Ethnography & Evaluation Research, University of Colorado Boulder, Boulder, CO 80309-0580
Ethnography & Evaluation Research, University of Colorado Boulder, Boulder, CO 80309-0580.
CBE Life Sci Educ. 2017 Spring;16(1). doi: 10.1187/cbe.16-07-0229.
Undergraduate research is often hailed as a solution to increasing the number and quality of science, technology, engineering, and mathematics graduates needed to fill the high-tech jobs of the future.
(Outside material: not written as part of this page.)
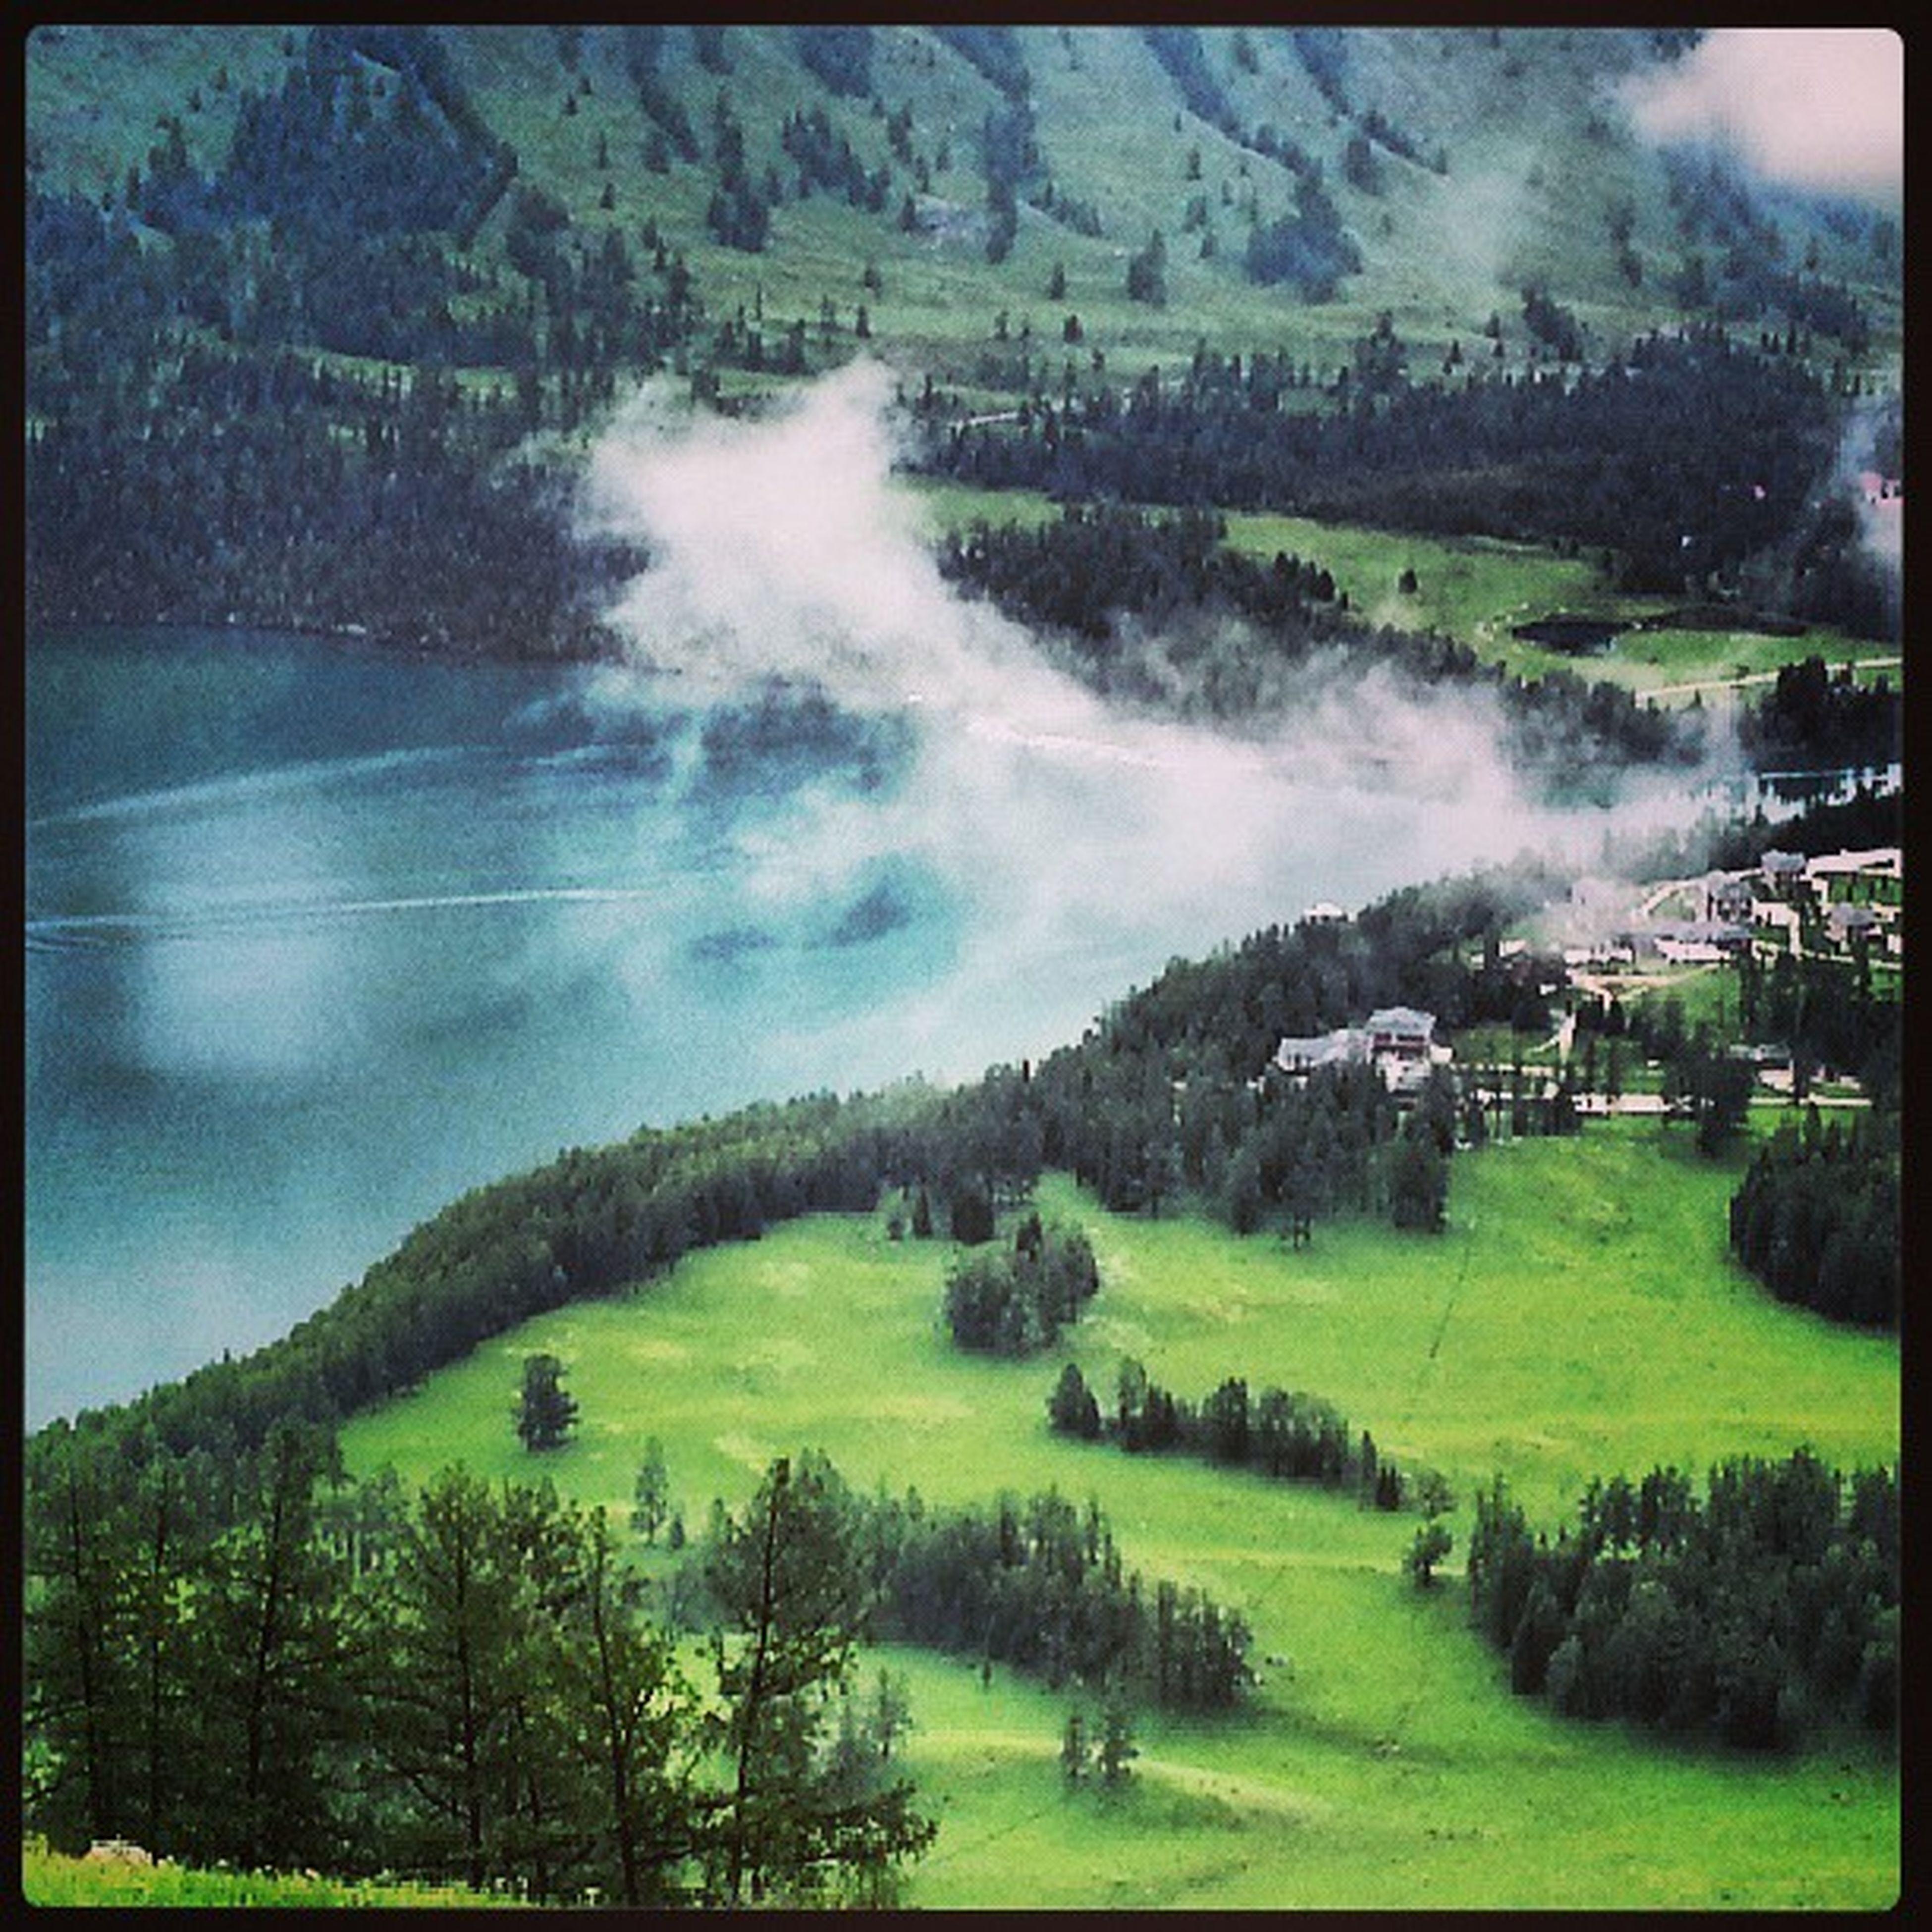 озеро канас урумчи южныйалтай алтай природа nature china

Student benefits of research are well documented but the emerging literature on advisors' perspectives is incomplete: only a few studies have included the graduate students and postdocs who often serve as research advisors, and not much is known about why research advisors choose to work with undergraduate researchers. We report the motivations for advising undergraduate researchers, and the related costs and benefits of doing so, from 30 interviews with research advisors at various career stages. Many advisors stated intrinsic motivations, but a small group of early-career advisors expressed only instrumental motivations. We explore what this means for how advisors work with student researchers, the benefits students may or may not gain from the experience, and the implications for training and retaining research advisors who can provide high-quality research experiences for undergraduate students.
本科研究通常被视为增加未来高科技工作所需的科学、技术、工程和数学专业毕业生数量和质量的解决方案。学生从研究中受益的情况有充分的记录,但关于顾问观点的新兴文献并不完整:只有少数研究包括了通常担任研究顾问的研究生和博士后,而且对于研究顾问选择与本科生合作的原因知之甚少。我们从 30 名处于不同职业阶段的研究顾问的访谈中报告了指导本科生研究人员的动机,以及这样做的相关成本和收益。许多顾问表示了内在动机,但一小部分职业早期的顾问只表达了工具性动机。我们探讨了这对顾问如何与学生研究人员合作、学生从这种经历中可能获得或可能无法获得的收益,以及对培训和留住能够为本科生提供高质量研究经验的研究顾问的影响意味着什么。